Published online Nov 21, 2005. doi: 10.3748/wjg.v11.i43.6867
Revised: April 26, 2005
Accepted: April 30, 2005
Published online: November 21, 2005
AIM: To evaluate the effect of MSX2 on gemcitabine-induced caspase-3 activation in pancreatic cancer cell line Panc-1.
METHODS: Using V5-tagged MSX2 expression vector, stable transfectant of MSX2 was generated from Panc-1 cells (Px14 cells). Cell viability under gemcitabine administration was determined by MTT assay relative to control cell line (empty-vector transfected Panc-1 cells; P-3EV cells). Hoechst staining was used for the detection of apoptotic cell. Activation of caspase-3 was assessed using Western blotting analysis and direct measurement of caspase-3 specific activities.
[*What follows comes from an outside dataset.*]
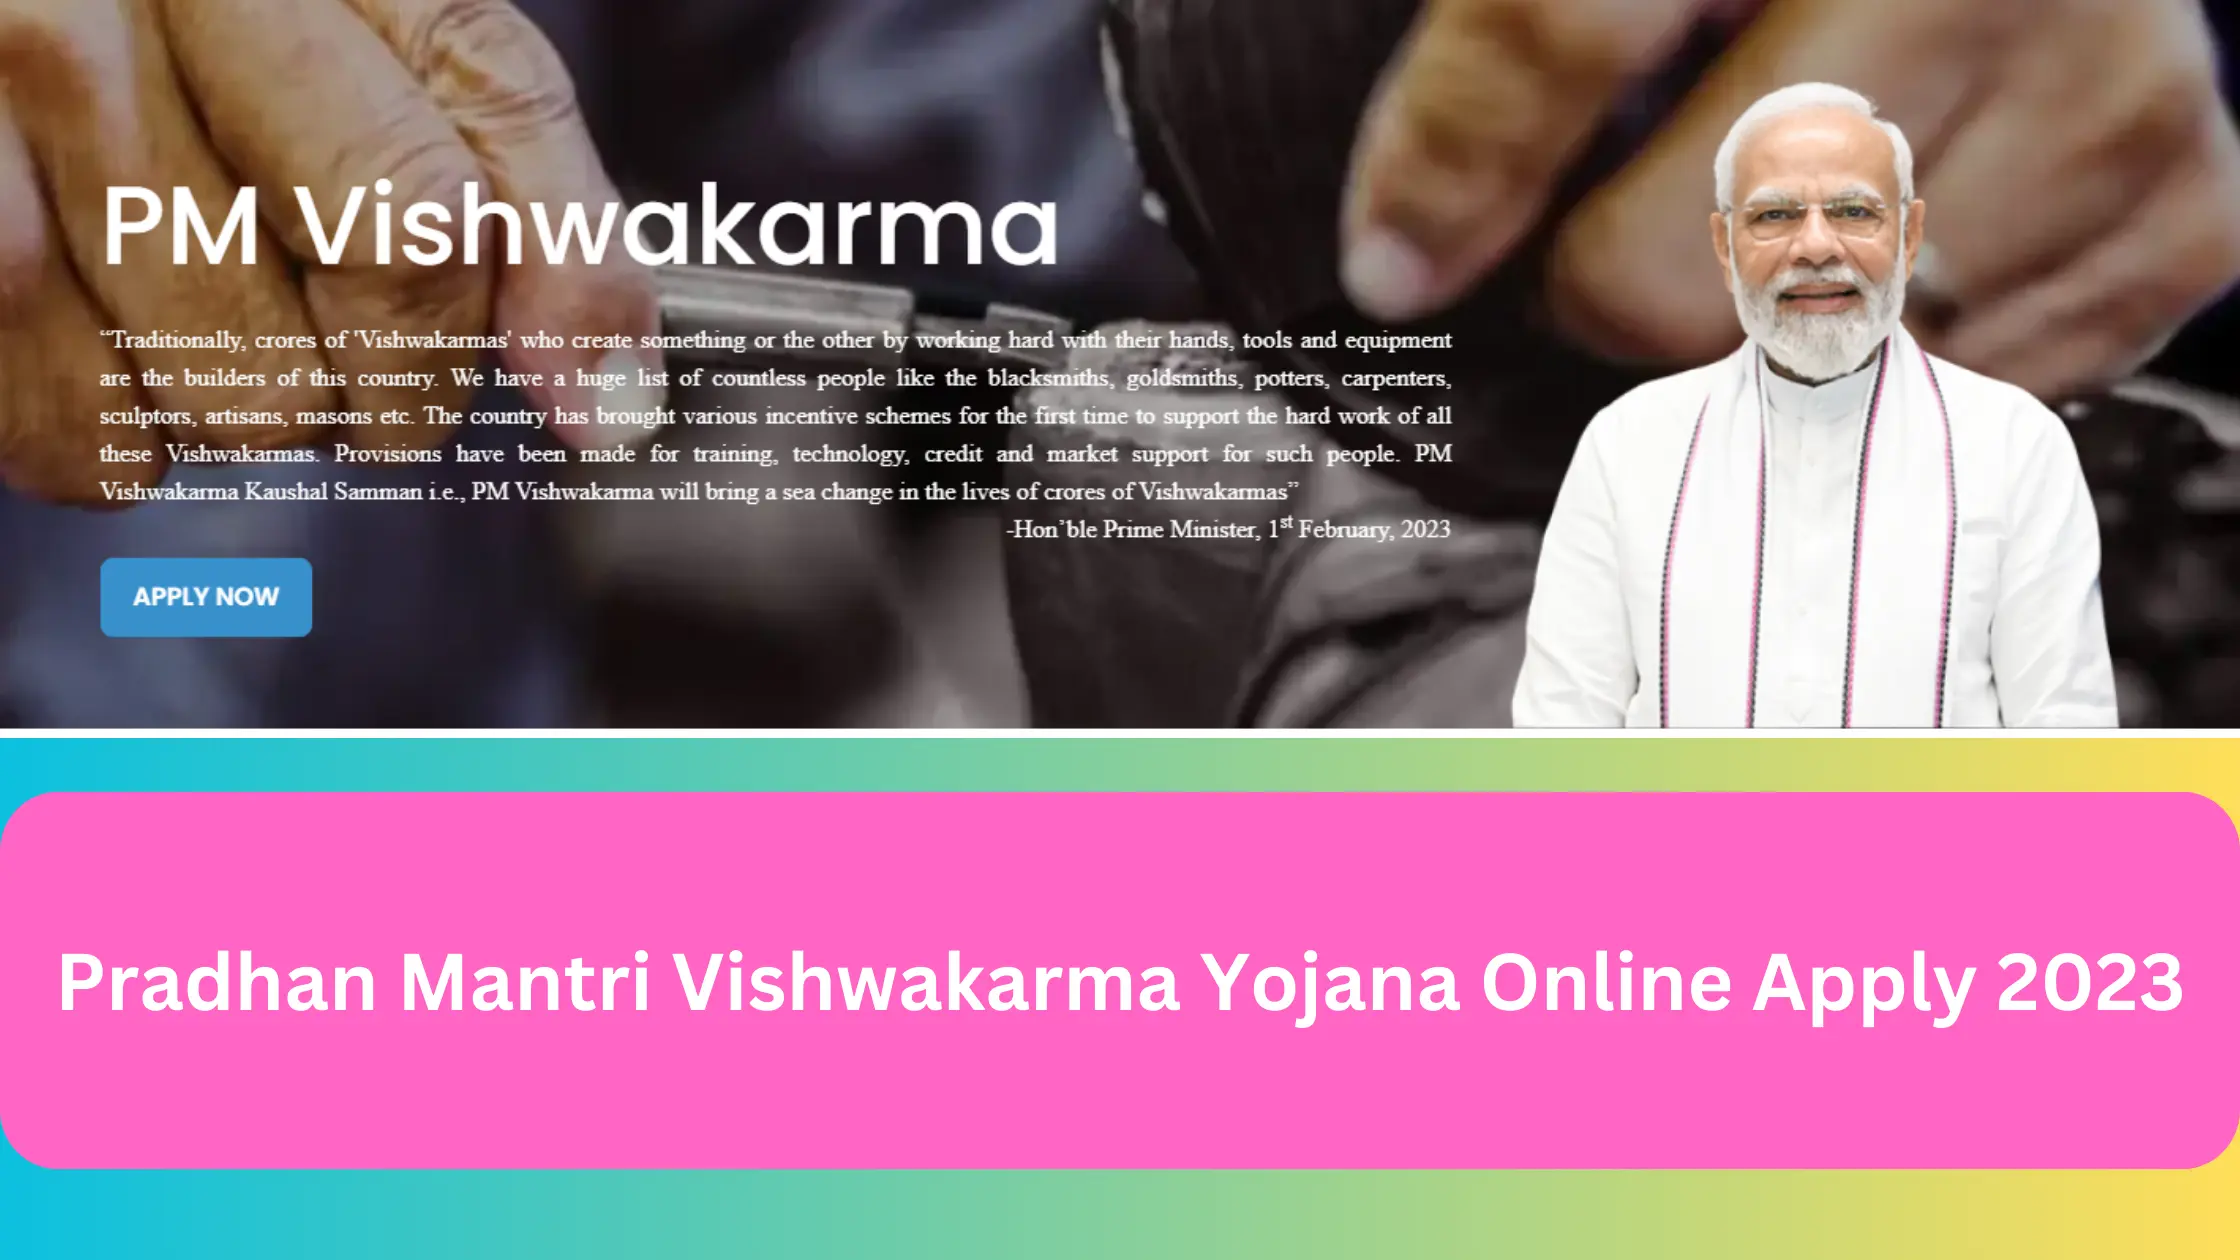 Pradhan Mantri Vishwakarma Yojana Online Apply 2023

RESULTS: MSX2 overexpression in Panc-1 cells resulted in decreased gemcitabine-induced caspase-3 activation and increased cell viability under gemcitabine treatment in Px14 cells.
CONCLUSION: MSX2 exerts repressive effects on gemcitabine-induced apoptotic pathway. This novel apoptosis-regulating function of MSX2 may provide a new therapeutic target for pancreatic cancer.